How it works

Once installed, the mail server will pass each message to mxGuard and it will scan the message to see if it contains a virus, worm or other exploit (configurable by mail server administrator).

If the message does contain a virus, worm or exploit, mxGuard will safely quarantine or delete the message (configurable by the mail server administrator).

All other messages are then passed to the native spam filter and optional 3rd party filters where a series of tests are performed to determine if the message is likely to be junk mail.  These tests are configurable by the mail server administrator.

If the message is determined to be junk mail, mxGuard can quarantine, delete or inject the message back into the mail server message queue for final delivery to the user.  As you would expect, this is configurable by the mail server administrator.

By default, mxGuard will simply mark the messages as spam and return them to the mail server message queue for delivery to the user.  This allows the user to respond accordingly using delivery rules provided by the mail server itself or with client side rules such as those found in MS-Outlook, Thunderbird, etc…

NOTE:  mxGuard gives you the ability to indicate how many relays (hops) back in the delivery chain to check. You may also exclude your own MX servers as well as trusted clients if you wish.

mxGuard includes the following “native” anti-spam tests:

AUTHENTICATED SENDER : Not really a test, this is more of a value added feature mainly for service providers and corporate mail servers. When a user sends mail through the server using SMTP AUTH, an X header will be added identifying the authenticated user. This information is useful to quickly identify and stop subscribers and/or internal users that are sending out spam.

DNSBL: The IP address of the delivering mail server(s) is checked against up to twenty (20) public spam blacklists of your choice. Finding the address on one or more of these lists will cause the test to fail.

HELO: The host identification provided by the delivering mail server is checked to make sure it is a legitimate host/domain. If not, the test will fail.

NULL SENDER: Using the envelope sender (Mail From) information, the sender address is checked to see if an empty or null address was provided. If so, this test will fail. Please note however, that legitimate e-mail from postmasters can contain a null sender field.

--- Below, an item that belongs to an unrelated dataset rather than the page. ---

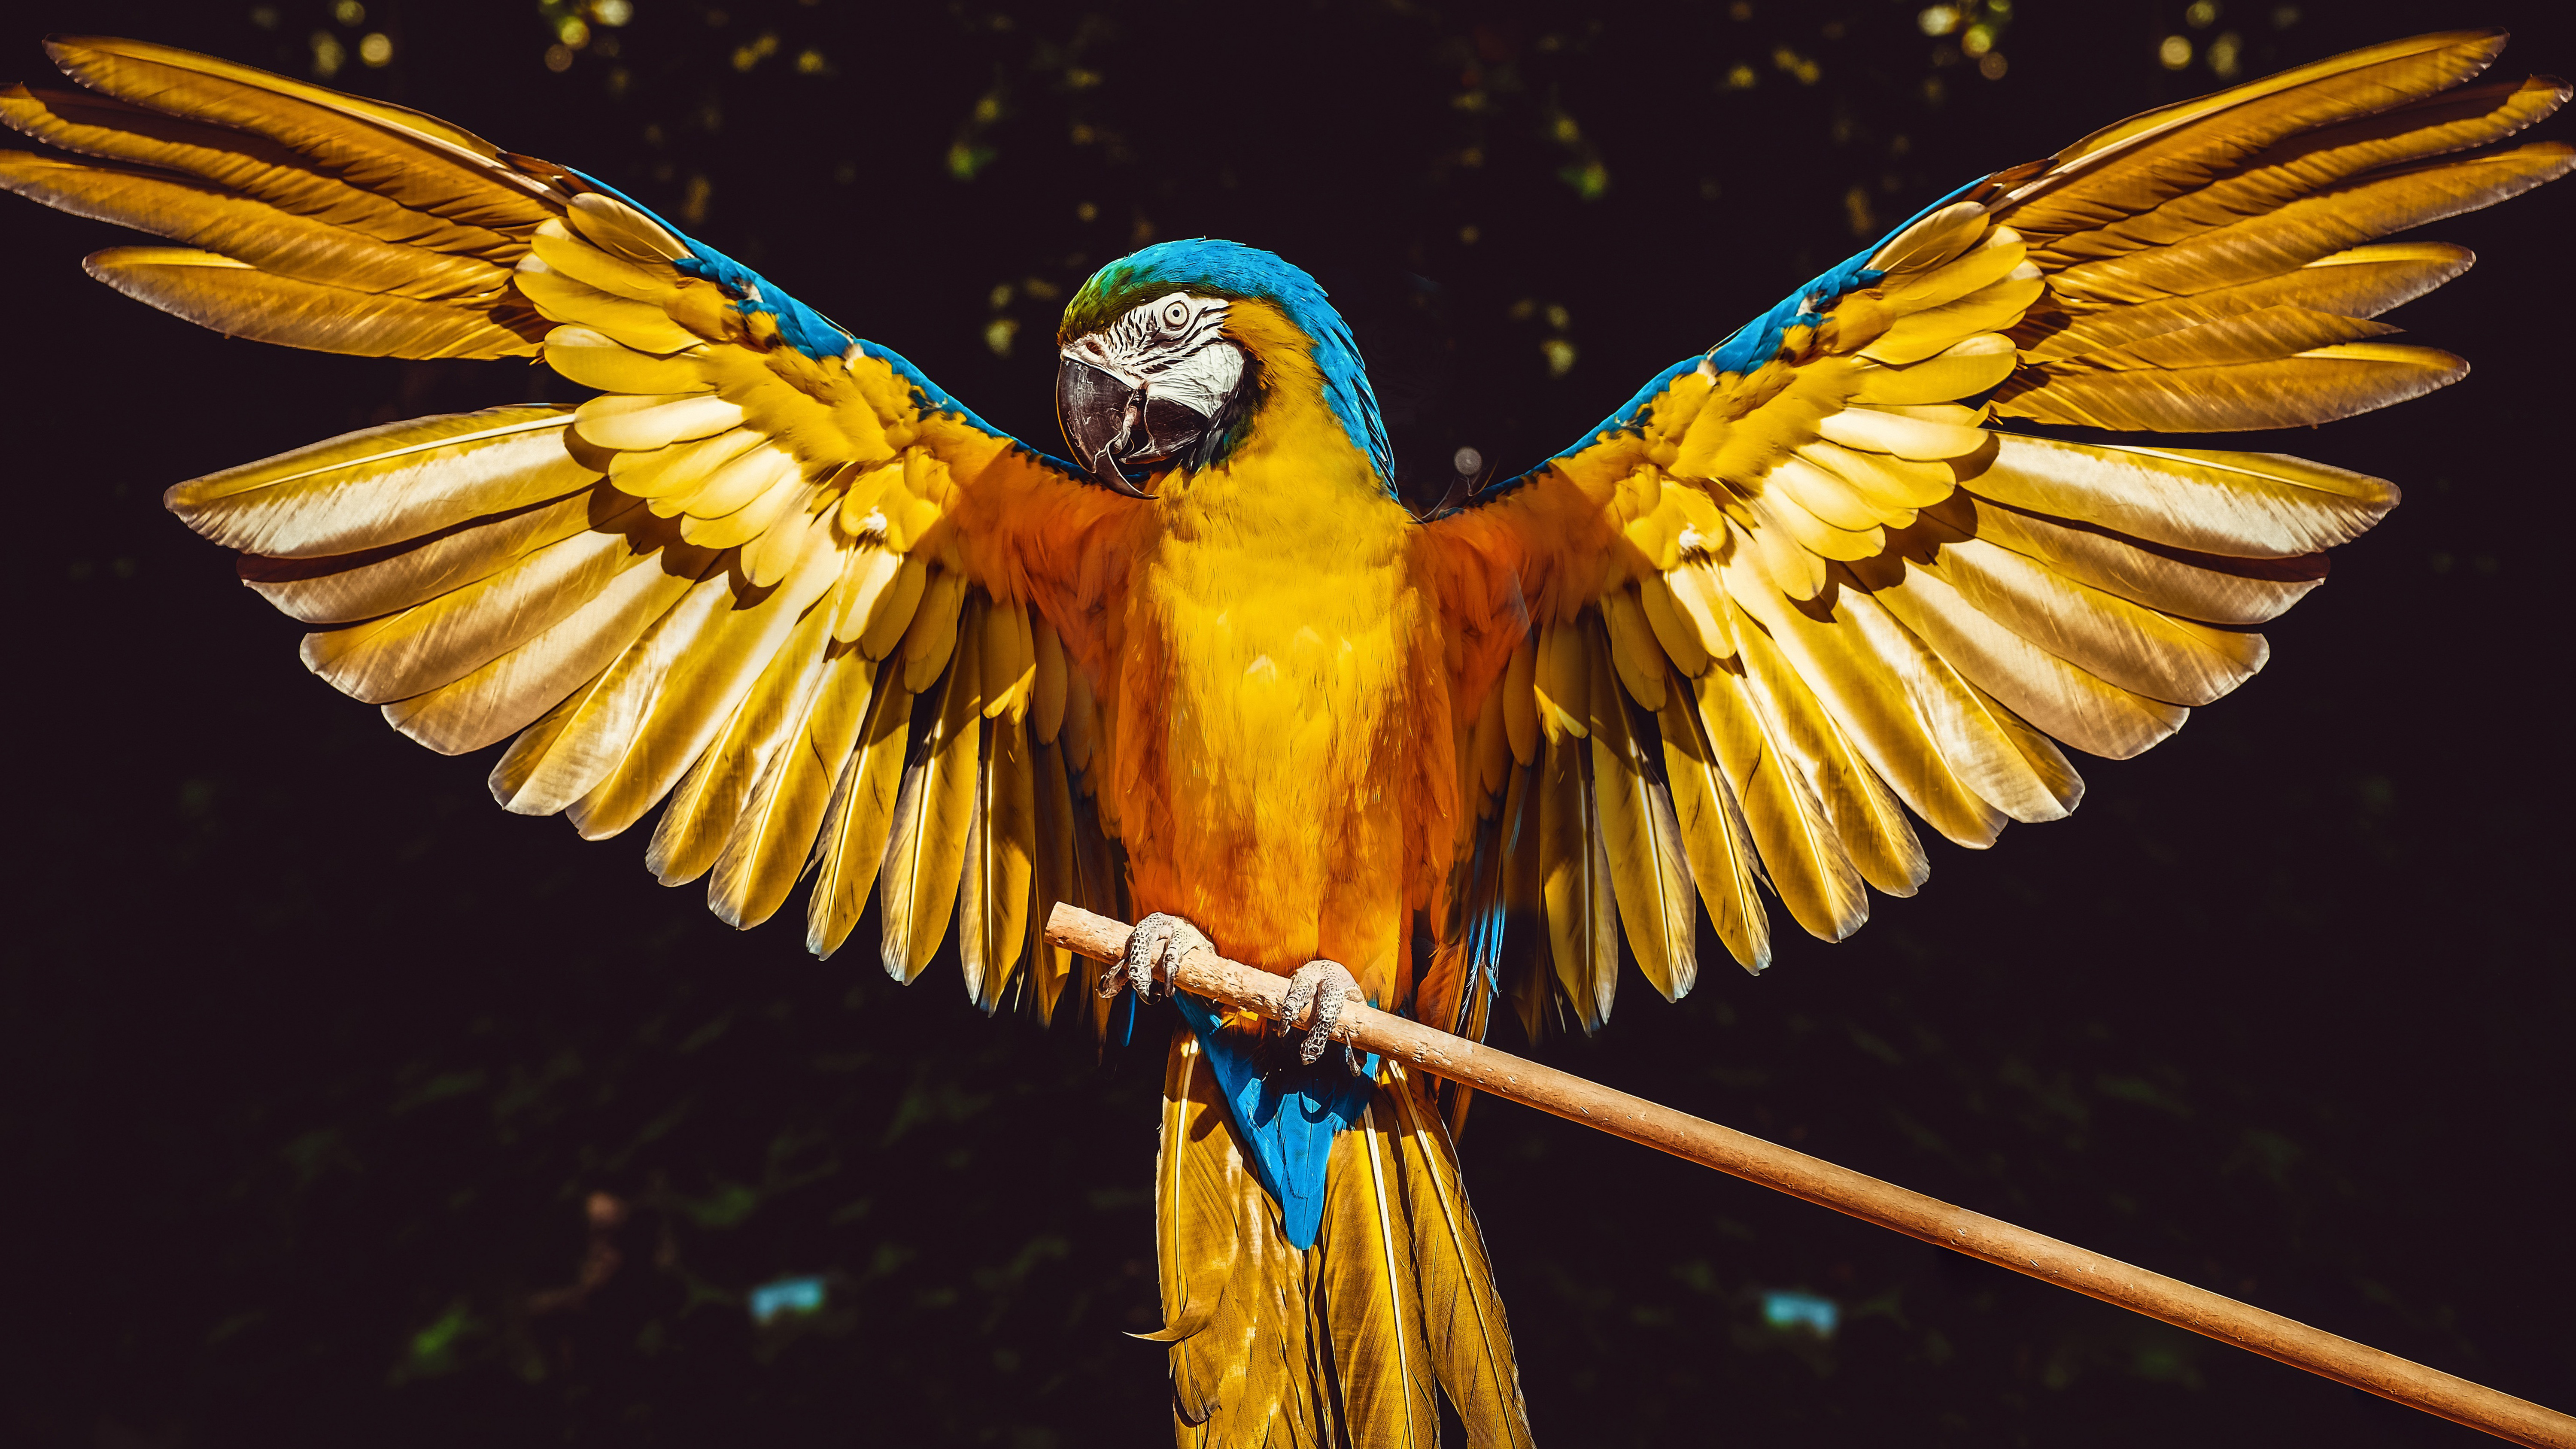 Download mobile wallpaper Birds, Bird, Animal, Parrot, Blue And Yellow Macaw for free.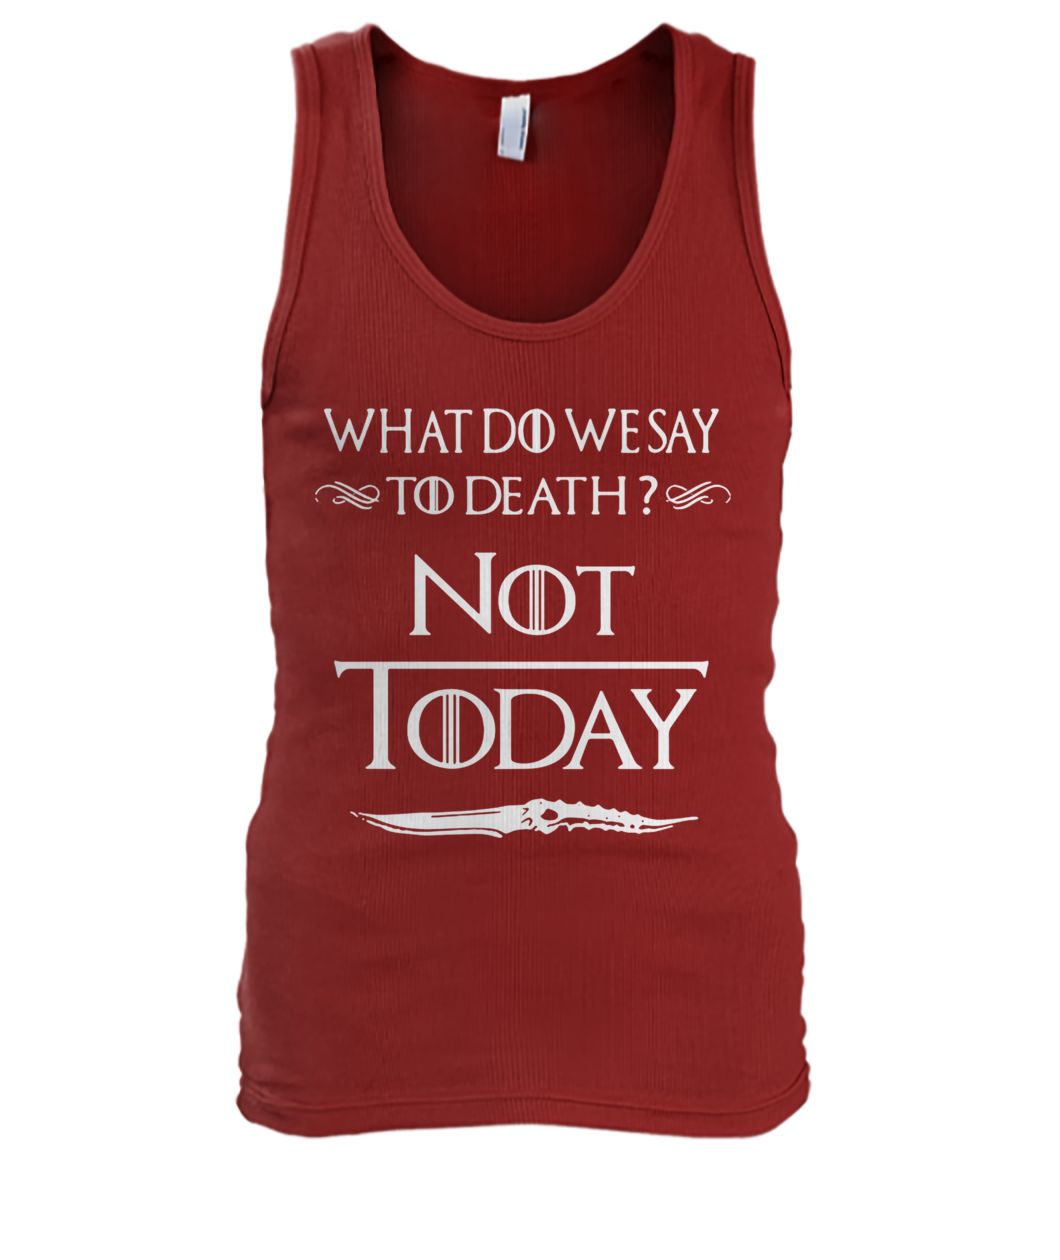 Game of thrones what do we say to death not today men's tank top

PTR: The IP address of the delivering mail server(s) is checked to see if a corresponding PTR record (aka reverse DNS lookup) is found. If not, the test will fail.

SENDER: Using the envelope sender (Mail From) information, the domain name of the sender is checked for the existence of an ‘MX’ or an ‘A’ record. If neither exist, or if the domain name is not valid, this test will fail.

CUSTOM IP BLACKLISTS: The IP address of the delivering mail server(s) is checked against your own configurable black lists. Finding the address on one or more of these lists will cause the test to fail.

CUSTOM HELO BLACKLISTS: The host identification provided by the delivering mail server(s) is checked against your own configurable black list. Finding the hostname in this list will cause the test to fail.

And more…

Built-in hooks to these third party anti-spam tools:

The advanced pattern matching and artificial intelligence technologies from ARM Research Labs. Truly a leader in the anti-spam fight, their program, Message Sniffer, applies thousands of heuristic tests to each incoming message in just a fraction of a second.

 

Invariant Systems URI Lookup Tool – This tool is used to identify junk mail by extracting URI’s (domain names in links) from emails and checking them against URI based blacklists. invURIBL extends basic URI checking functionality by incorporating features that will allow you to check the URI’s IP address and name servers against DNS based blacklists.

 

Built-in hooks to these third party anti-virus tools:

A GPL virus scanner capable of detecting more than 20,000 viruses, worms, and trojans. ClamAV is open source software (i.e. no charge). Most importantly, the virus definitions are kept up to date.

 

A low cost, high quality virus scanner capable of detecting more than 113,805 viruses, worms, and trojans. F-Prot for Windows is an excellent choice due to it’s low cost, ease of installation and up to date virus definitions.

 

A moderately priced, high quality virus scanner capable of detecting more than 89,119 viruses, worms, and trojans. McAfee products are proven leaders in the commercial market. Virus definitions are kept up to date.

 

And just about any other command line Anti-virus scanner by using our free ‘user defined AV’ options!